FIG. 1 is a left side view of a combine which is an embodiment of the present invention. FIG. 2 is a plan view of the combine which is an embodiment of the present invention. FIG. 3 is a right side view of the combine which is an embodiment of the present invention. FIG. 4 is a front view of a combine which is an embodiment of the present invention. FIG. 5 is a right side view of the grain tank and the discharge auger in the combine shown in FIGS. FIG. 6 is a left side view showing a schematic configuration of the Glen tank in the combine shown in FIGS. 1 to 4. FIG. 7 is a plan view of the driving operation unit in the cab. FIG. 8 is a system block diagram showing a schematic configuration of the farm work management system in the combine shown in FIGS. 1 to 4. FIG. 9 is a block diagram showing a schematic configuration centered on the control device of the information control unit shown in FIG. FIG. 10 is a diagram for explaining the calculation of the fuel consumption during work. FIG. 10A is a graph showing the time integral value of the rack position with respect to the work time, and FIG. FIG. 11 is a graph showing the relationship between the time integrated value at the rack position shown in FIG. 10 (A) and the fuel consumption during work. FIG. 11 is a diagram showing a display screen displayed on the display device when harvesting information output conditions are selected and the harvesting information is output. FIG. 11A shows selection of harvesting information output conditions. FIG. 11B is a diagram showing a “harvest data” screen displayed when outputting harvest information.

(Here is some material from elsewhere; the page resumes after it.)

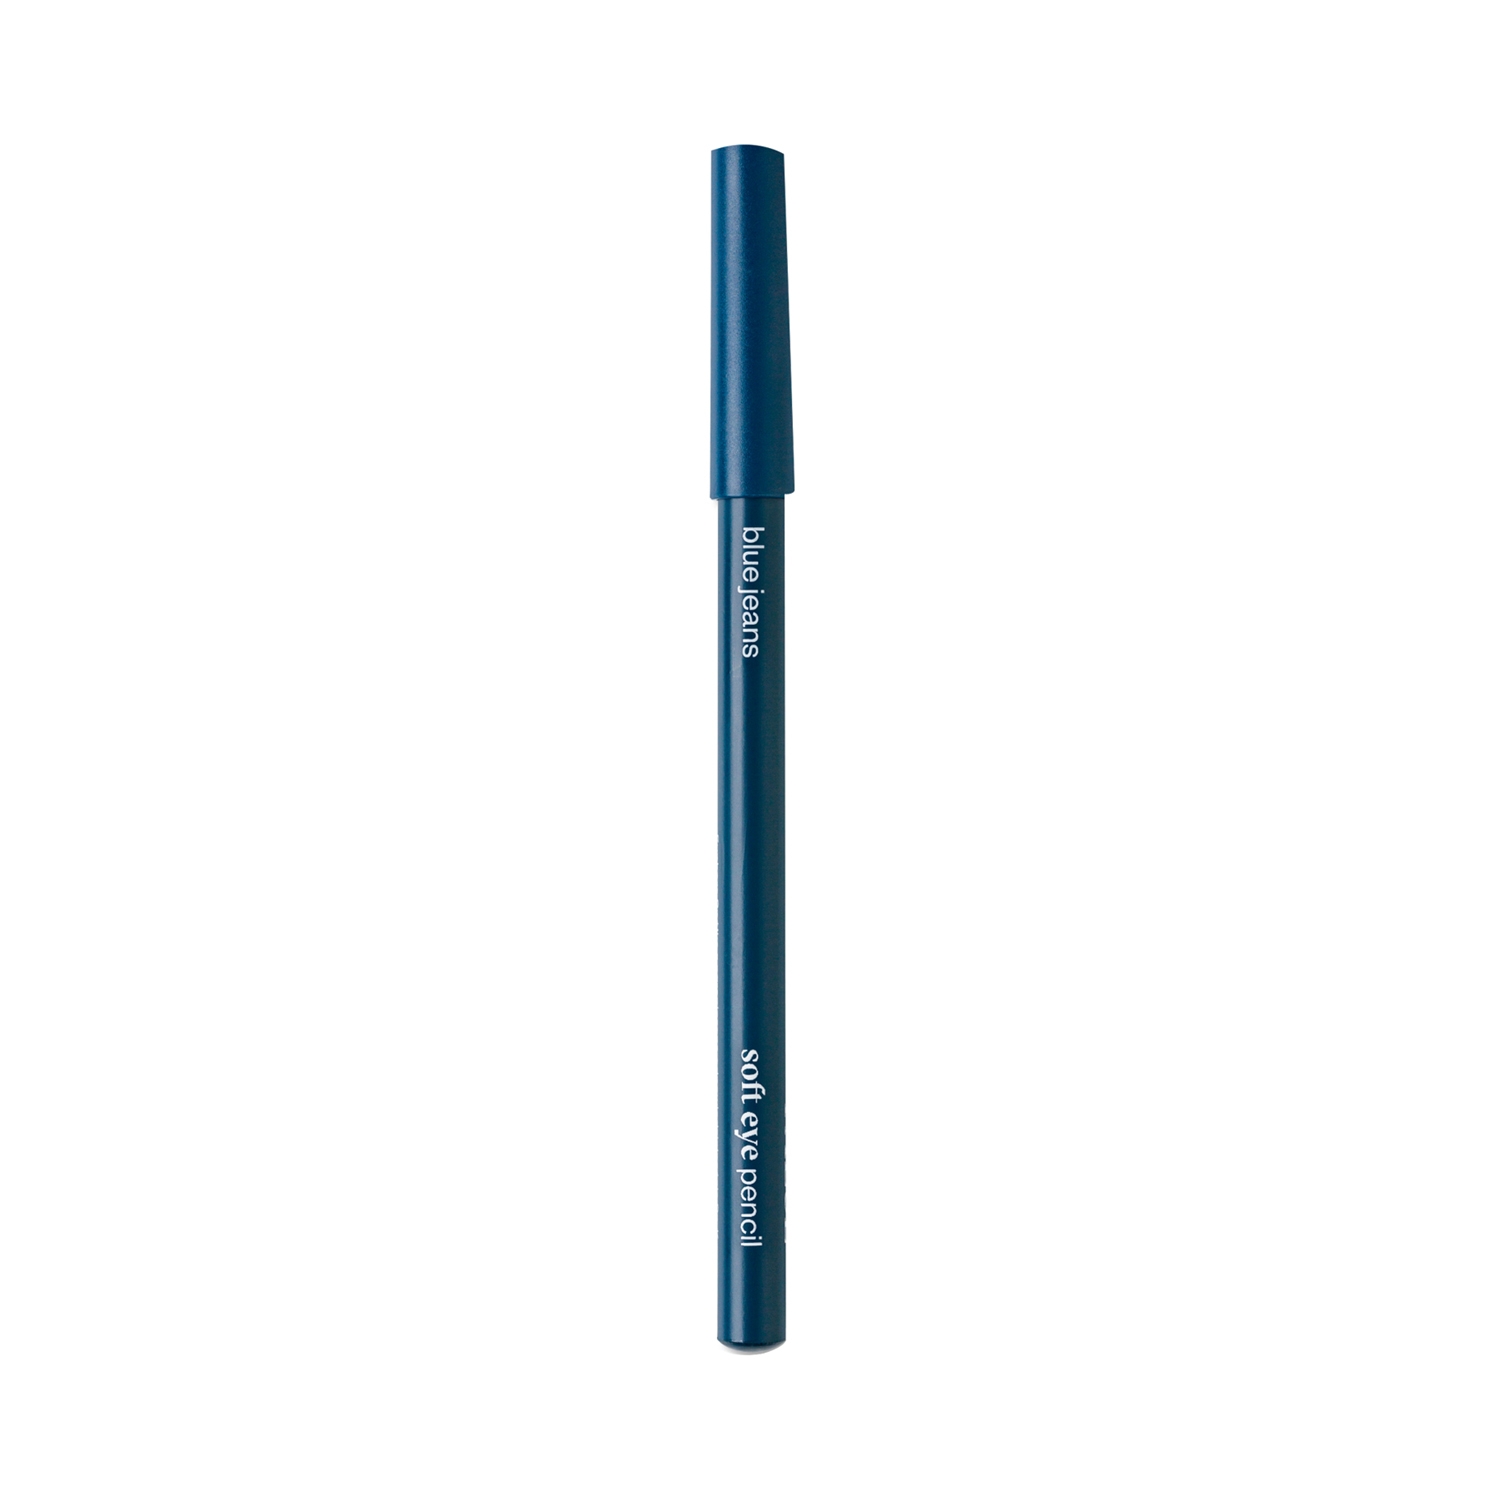 Paese Cosmetics | Paese Cosmetics Soft Eye Pencil - 04 Blue Jeans (1.5g)

FIG. 11B is a diagram showing a “harvest information output” screen displayed when the harvest information is output. FIG. 12 is a diagram illustrating the print contents of the harvested crop harvest information when the first output condition is selected. FIG. 13 is a diagram illustrating the print contents of the cumulative harvest information of the discharged cereal when the second output condition is selected. FIG. 14 is a diagram illustrating the print contents of the harvest information for the one-stroke field when the third output condition is selected.

Explanation of symbols

2 ... Airframe frame 13 ... Glen tank 24 ... Display device 32 ... Weight sensor
35 ... Moisture sensor 39 ... Printing device 50 ... Sensor device 100 ... Control device
200 ... GPS device 201 ... Combine

Claims (6)

A body frame, a grain tank supported by the body frame, a weight sensor that measures the weight of the grain tank and / or a moisture sensor that measures the moisture content of the grain, and control of the sensor device A combine equipped with a controlling device,
The control device stores harvest information based on measurement values from the weight sensor and / or the moisture sensor according to a predetermined output condition set in advance, and stores the stored harvest information according to the output condition. A combine that is configured to output in a selectable manner.   The output condition includes a first output condition for outputting harvest information for each grain discharging operation for discharging the grain harvested in the grain tank from the grain tank, and a cumulative total of the harvesting information for each grain discharging operation. 2. The combine according to claim 1, further comprising: a second output condition for outputting the first output field; and a third output condition for outputting the harvest information of the one-stroke field. A body frame, a grain tank supported by the body frame, a weight sensor that measures the weight of the grain tank and / or a moisture sensor that measures the moisture content of the grain, and control of the sensor device A combine equipped with a controlling device,
The control device stores harvest information based on measurement values from the weight sensor and / or the moisture sensor according to a predetermined output condition set in advance, and stores the stored harvest information according to the output condition. It is configured to output selectable,
The output condition includes a first output condition for outputting harvest information for each grain discharging operation for discharging the grain harvested in the grain tank from the grain tank, and a cumulative total of the harvesting information for each grain discharging operation. And a third output condition for outputting harvest information of a one-stroke field.   The combine according to claim 1 or 2, further comprising: a GPS device, wherein the harvest information of the one-stroke field under the third output condition is set based on map information based on GPS data from the GPS device.   The combine according to any one of claims 2 to 4, wherein the harvest information of the one-stroke field under the third output condition is set by an operator's manual operation. The control unit includes a display unit that outputs the harvest information, and a printing unit, and the control device outputs information other than the display harvest information displayed on the display unit when the harvest information is output in a selectable manner according to the output condition. The combine according to any one of claims 1 to 5, wherein the combine is configured to print out the harvest information together with all or part of the displayed harvest information to the printing unit.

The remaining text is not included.